##### STORED DATA #####
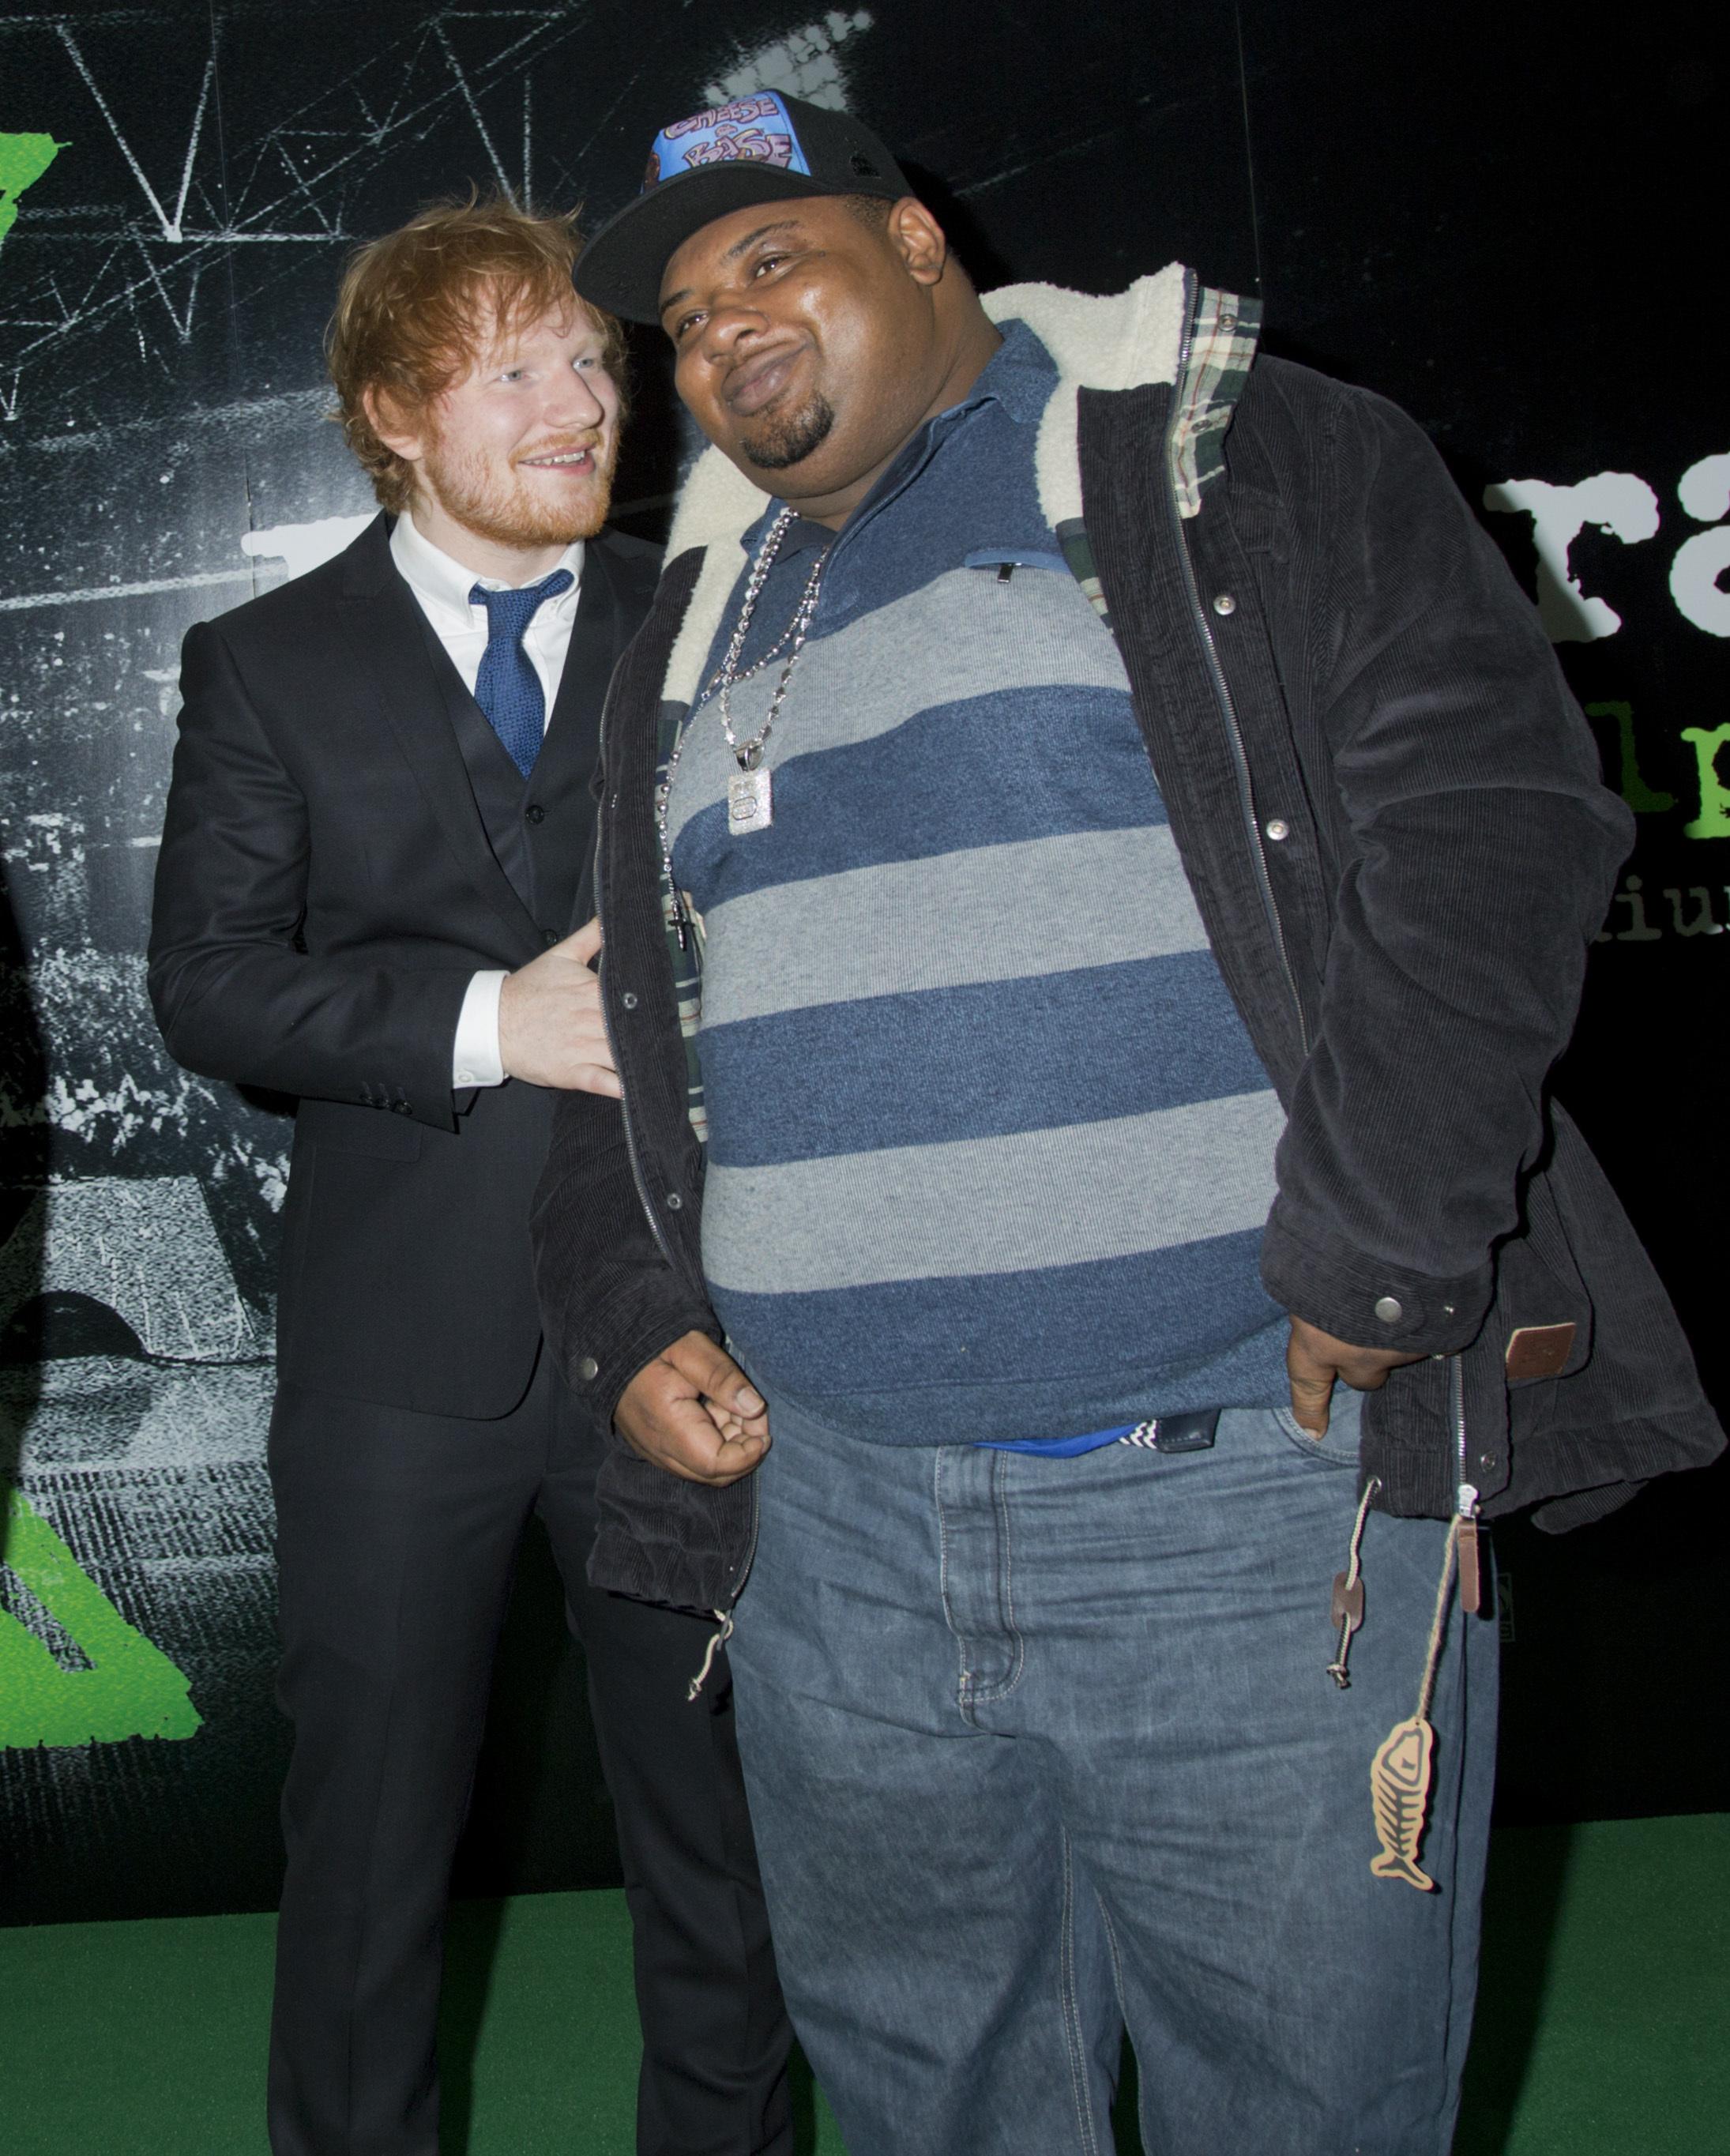 Ed Sheeran and Big Narstie
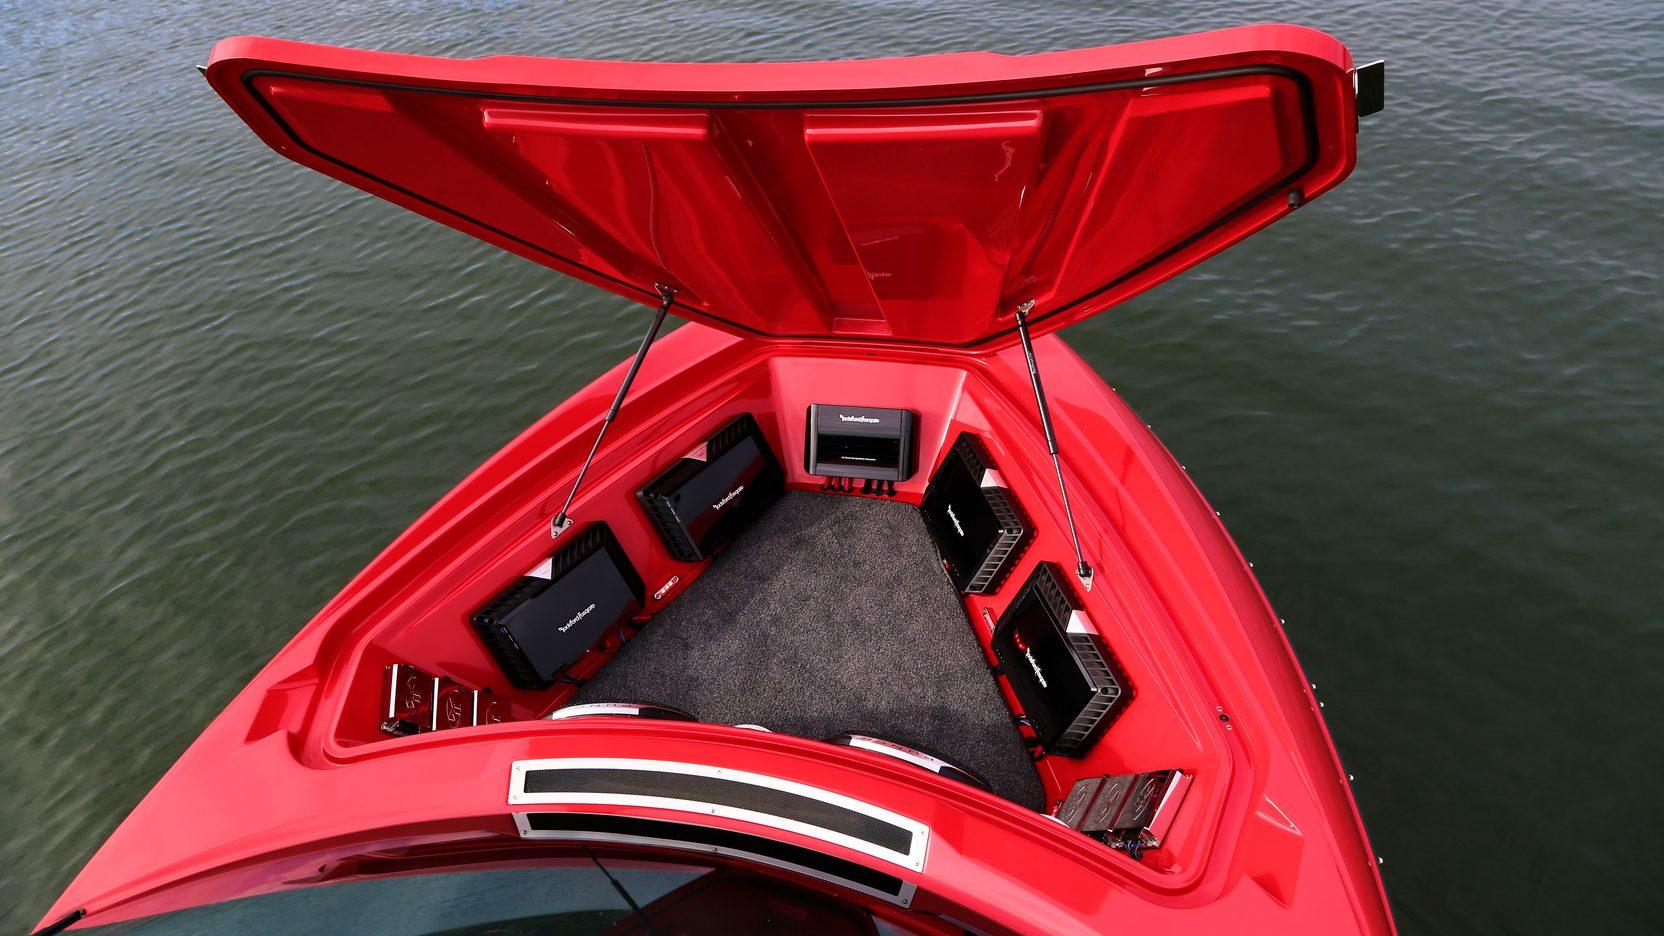 2008 Malibu Corvette Z06 font hatch stereo speakers
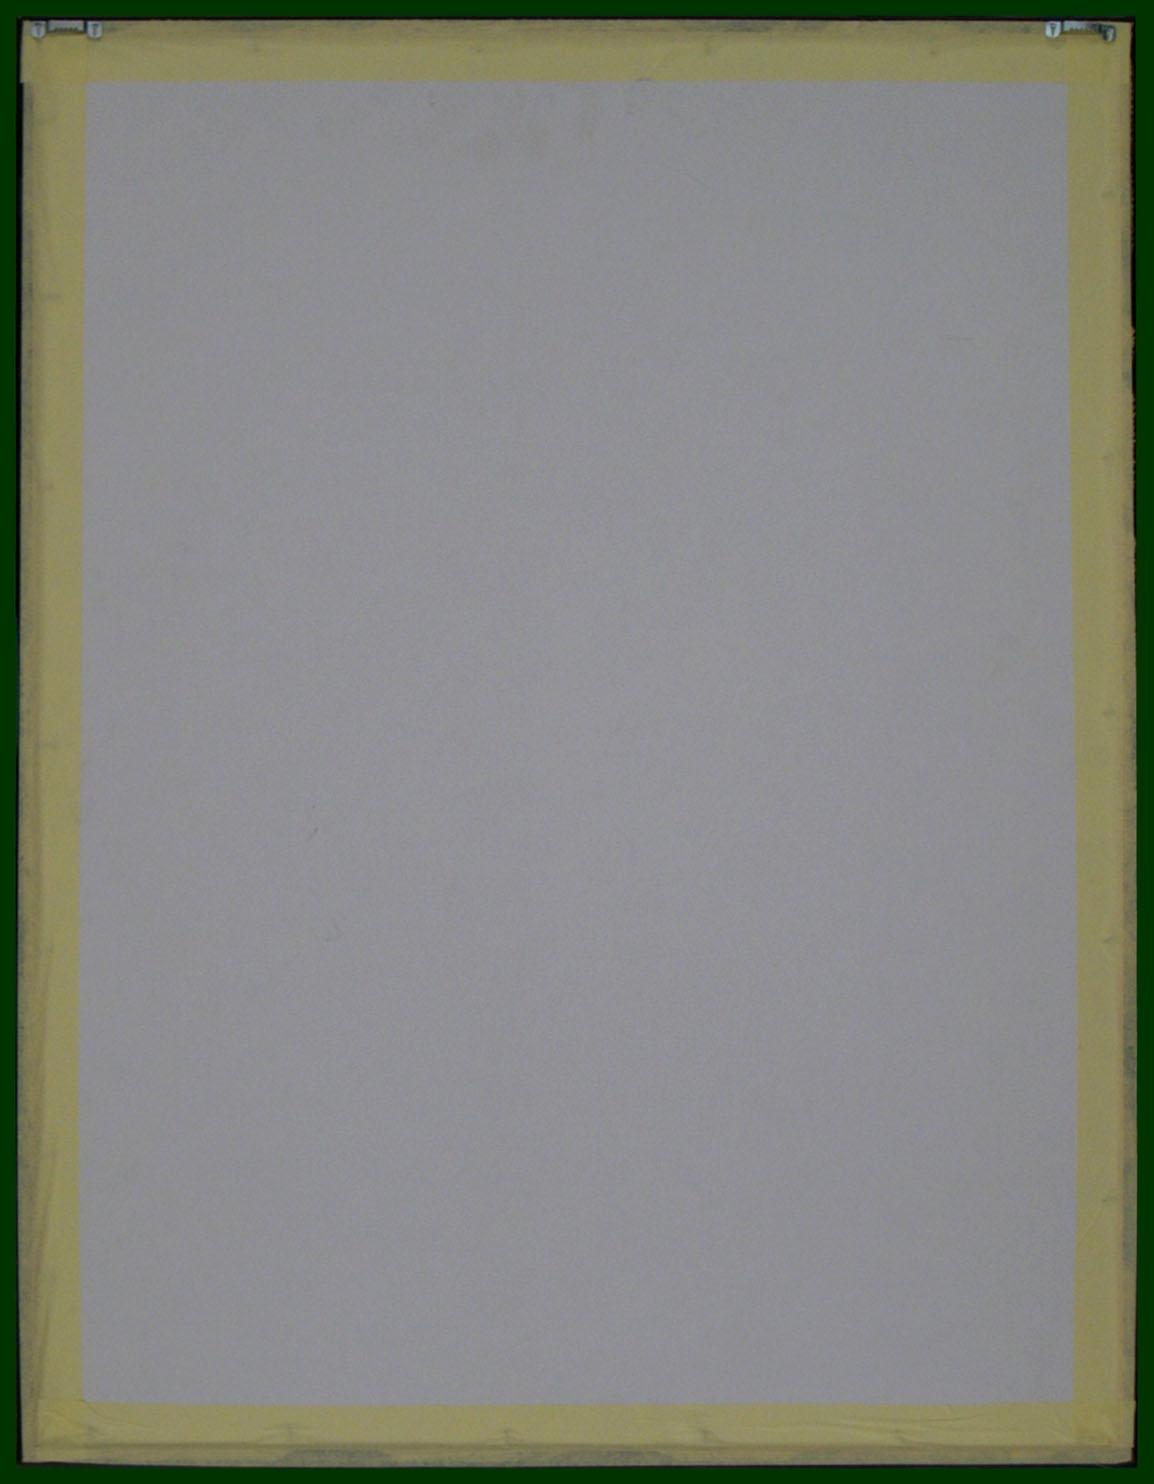 029-003hat.JPG (1154×1484)
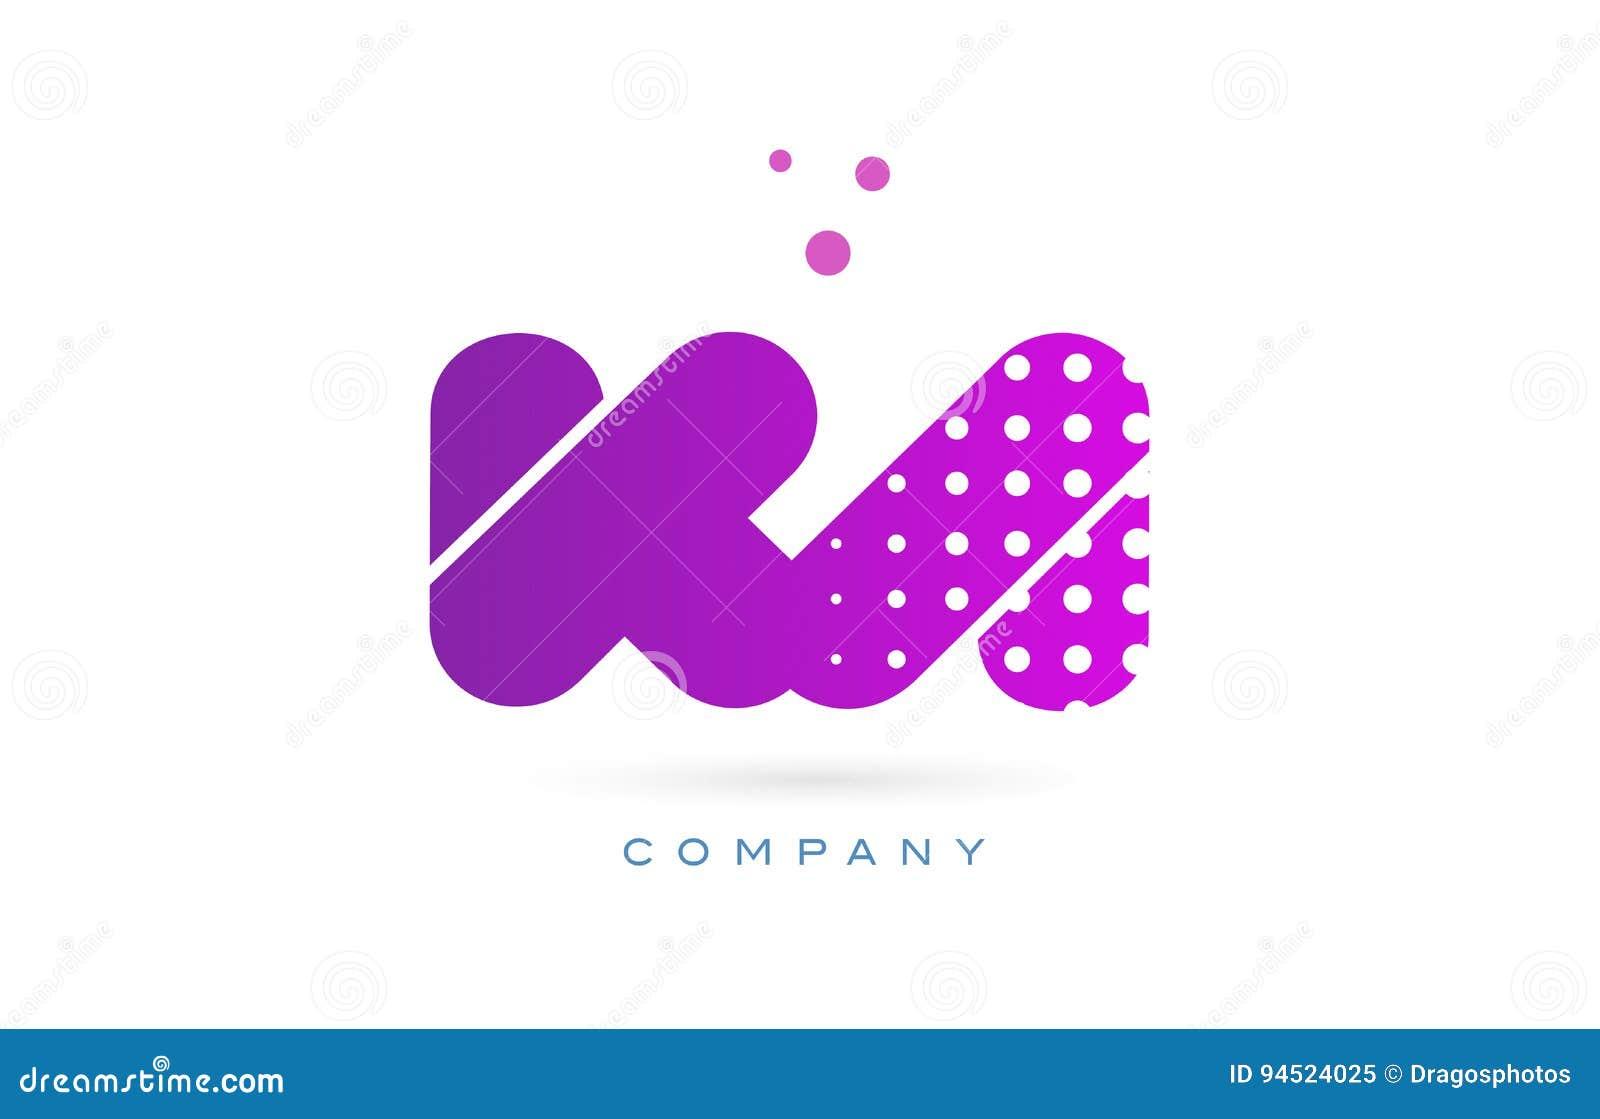 ka k a pink dots letter logo alphabet icon stock vector
#####
Nothing but the lines from the line with "029-003hat.JPG (1154×1484)" through the last line of the data above should be printed, exactly as written and without pictures.

 029-003hat.JPG (1154×1484)
 ka k a pink dots letter logo alphabet icon stock vector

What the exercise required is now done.